There are umpteen stories of mother in law – daughter in law problems. Why is this so when there aren’t so many stories of father in law – son in law issues? The answer will surprise you.
Abhishek and Tara were a newly married couple. Tara was contemplating buying a car for her office commute in the new city she had moved to post her arranged marriage. Tara consulted her father who was a retired banker on car loan options. This offended Abhishek. He felt it was a direct insult to his competence. He believed Tara that should have relied on his knowledge to take care of this decision instead of reaching out to her father. He even called her father and told him that he could take care of his wife.
Unfortunately, Abhishek was quite useless in his financial suggestions, having no idea what he was talking about, and relying on his ‘mansplaining skills’.
Tara was upset. Abhishek’s mother would always offer free advice on how she should run the household. She never failed to make Tara feel inadequate. Tara questioned Abhishek:
If your mother can comment on my cooking because she is an experienced cook, why can’t my father advise me on my financial issues given his professional expertise?

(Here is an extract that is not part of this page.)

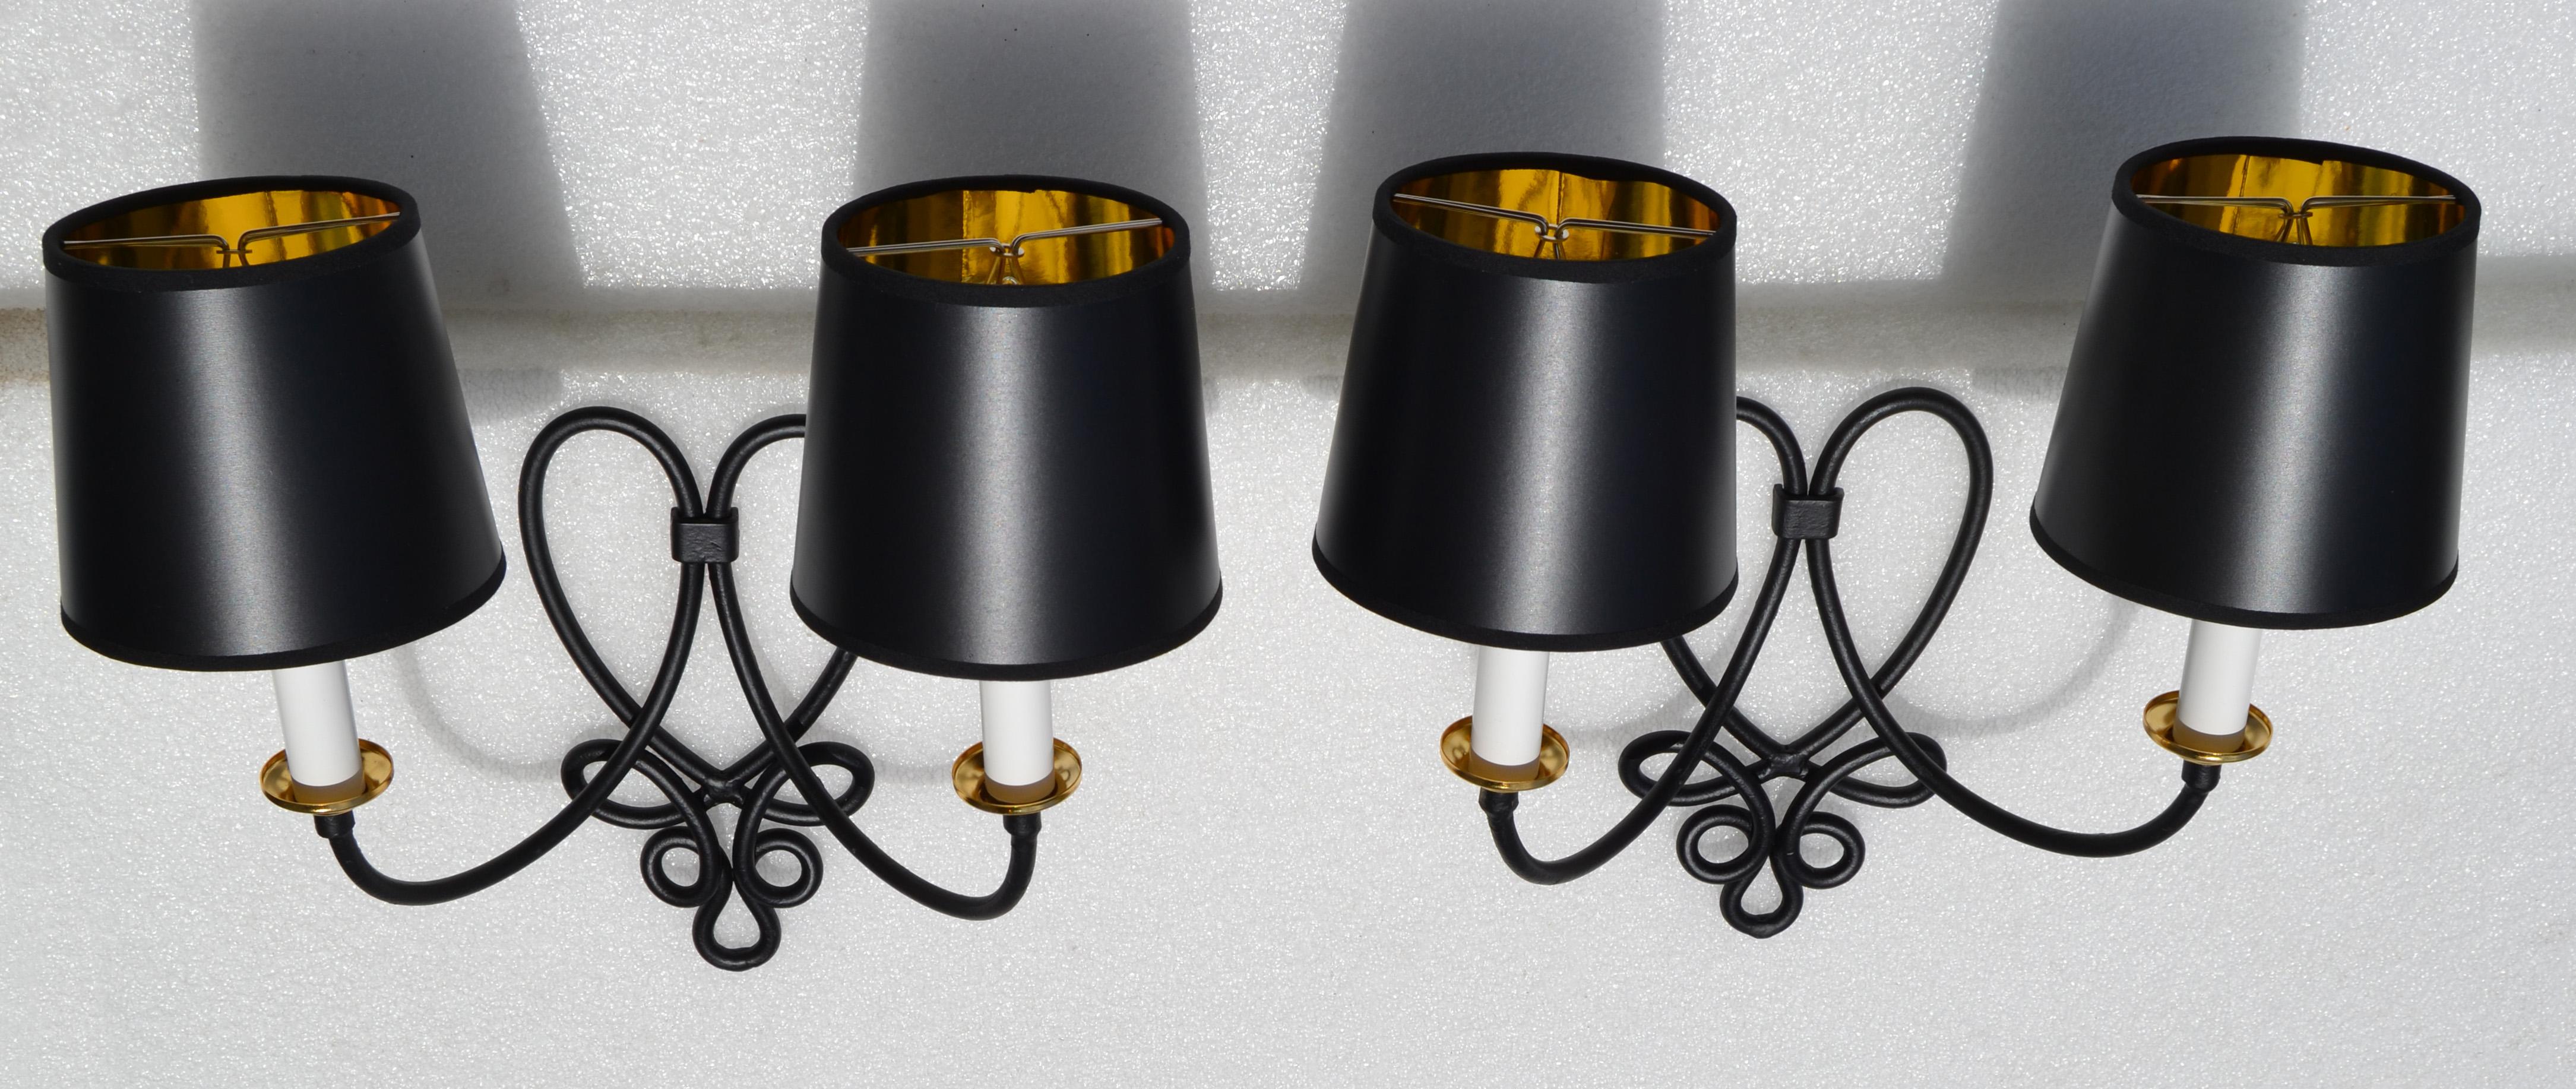 Pair, Rene Prou French 2 Lights Wrought Iron & Brass Wall Sconces Black Finish For Sale 8
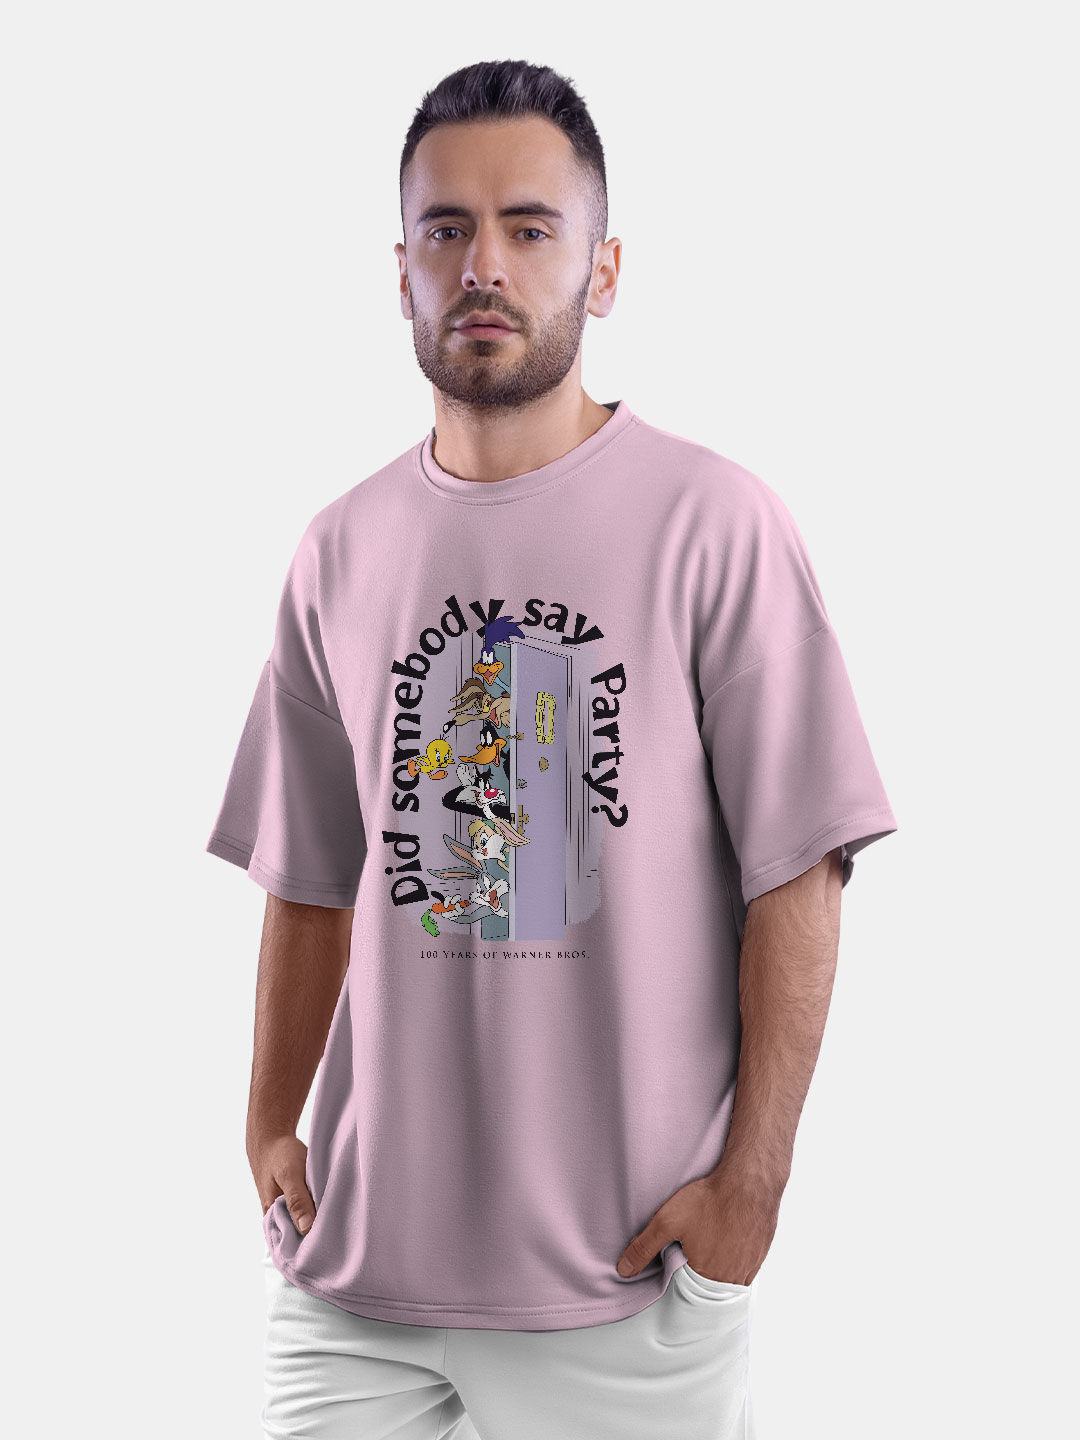 Friends Party - Mens Oversized T-Shirt Size : S Color - Baby Pink| Mens T-Shirt Size S Color : Pink

The answer was unanimous from Abhishek and his mother:
‘Ab tum hamare ghar ki ho. Unka haq nahi hai tumpar. Unse yahan ke problems share mat karo’. (Now you belong to our family. They don’t have any right on you, don’t share any of our personal problems there.)
This ‘humare ghar ki ho’ was a diluted concept used as per their convenience. When it came to repay the instalments of Abhishek’s home loan which was he had taken before his marriage, suddenly Tara’s father was expected to pool in because ‘Aakhir beti to aapki hi hai. Raaj karegi bade ghar mein’. (After all, she is your daughter. She will be the queen in a big house.)
The modus operandi of Abhishek’s mother to humiliate Tara was to call her parents and tell them what a poorly raised child their daughter was. She would conveniently forget that she herself forbids her DIL to discuss things with her family.
Interesting to note, when Tara’s father realized that there was the slightest discomfort between his daughter and son-in-law, he backed off immediately. He even offered to help financially if it would save the marriage. He avoided conflict.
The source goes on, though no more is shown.